La muerte para nosotros es un problema porque hemos radicalizado
nuestro egoísmo. Esta situación se puede evidenciar en las palabras que
legitimamos como sociedad, que hemos construido y seguimos replicando
sin crítica alguna. Algunos ejemplos de ello: “Me duele mucho a mí… Me voy
a sentir muy sólo… Yo no quiero que te mueras… ¿Si te mueres yo qué
hago?”. El lenguaje que utilizamos va exponiendo nuestros egos, demuestra
lo inmaduros y frágiles que somos para asumir la muerte como realidad
profundamente vital. Mientras construyamos amores egoístas, la muerte
siempre será una amenaza, tendrá algo que robarnos.

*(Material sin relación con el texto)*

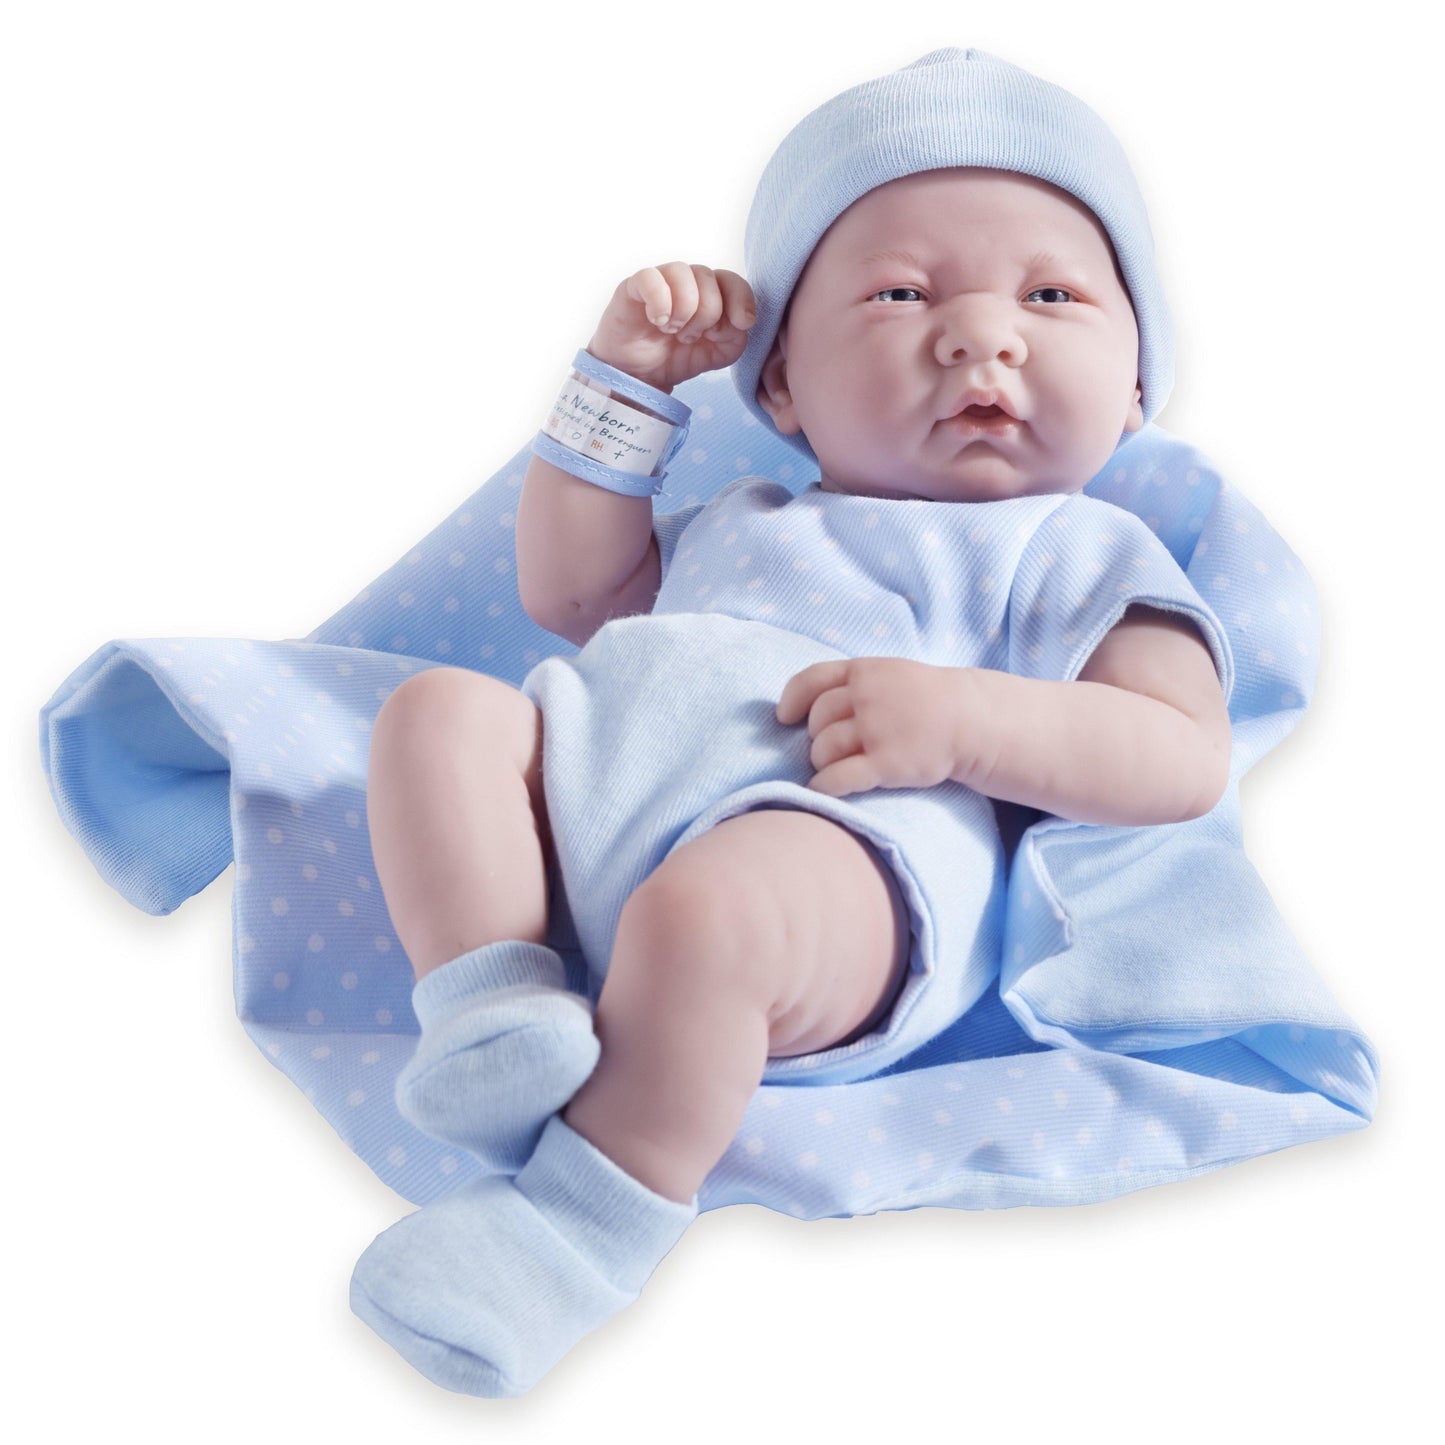 JC Toys, La Newborn Boutique 14 Inch Real Boy Baby Doll-Blue Outfit 9 Pcs Set - JC Toys Group Inc.

La fascinación que tenemos por la finitud (vida), nos debería llevar a
la apertura profunda de lo que somos. De la obsesión por pensar la muerte,
deberíamos llegar a vivir la muerte todos los días. No tendría que ser una
idea agobiante para la vejez, sino la realidad más límpida que se pudiera
esclarecer en nuestra existencia. Esta crisis de la muerte ocurre porque las
imágenes y palabras que tenemos para nombrarla, resultan siendo
insuficientes y pobres, ya no significan, solamente entristecen. Robert
Redeker, en su libro el eclipse de la muerte, nos dice: “La ausencia de
simbolización significa lo siguiente: las imágenes ya no son íconos, ya no
son puertas abiertas al misterio, ya no son presencias, se rebajan al estatus
de vulgares productos de la industria. Esto es lo que son, mercancías
fabricadas industrialmente”.
Debemos hacer un ejercicio hermenéutico, arriesgarnos a entrar por el
apasionante mundo de la deconstrucción. La muerte se vive, la muerte se
respira; quien pretenda superar la muerte entra en el absurdo, no es
humano. El hecho antagónico, vida-muerte, que heredamos de la cultura, no
estamos obligados a aceptarlo sin más. La pasividad envenena el don de la
vida, la arriesga, la deshace. Cuando no tenemos la suficiente hondura para
repensar y proponer nuevos horizontes caemos en dos extremos:
encerrarnos en tradicionalismos o simplemente ser indiferentes. De esta
manera, “La ausencia de simbolización de la muerte la vuelve insoportable,
razón por la cual, con el fin de escapar a lo insoportable, nuestra cultura la
expulsa de la vida colectiva, obligándola al eclipse” (Robert Redeker, el
eclipse de la muerte).
La muerte es la capacidad antropológica que poseemos para plenificar
la existencia. Entrar en el horizonte de sentido que otorga la muerte, es
entendernos como seres humanos en gasto. La conciencia de donación nos
permite integrar la muerte como la misma vida desplegada. Quien vive en la
capacidad de donación jamás verá el desenlace de la vida como una
amenaza, pues la dinámica de su existencia ha sido una salida de sí mismo,
un romper con su ego y poder entender para qué existe. La donación de la
vida es la posibilidad real de saber que nada es nuestro, que estamos porque
los que han muerto, es decir, vivido en plenitud, se dieron a nosotros.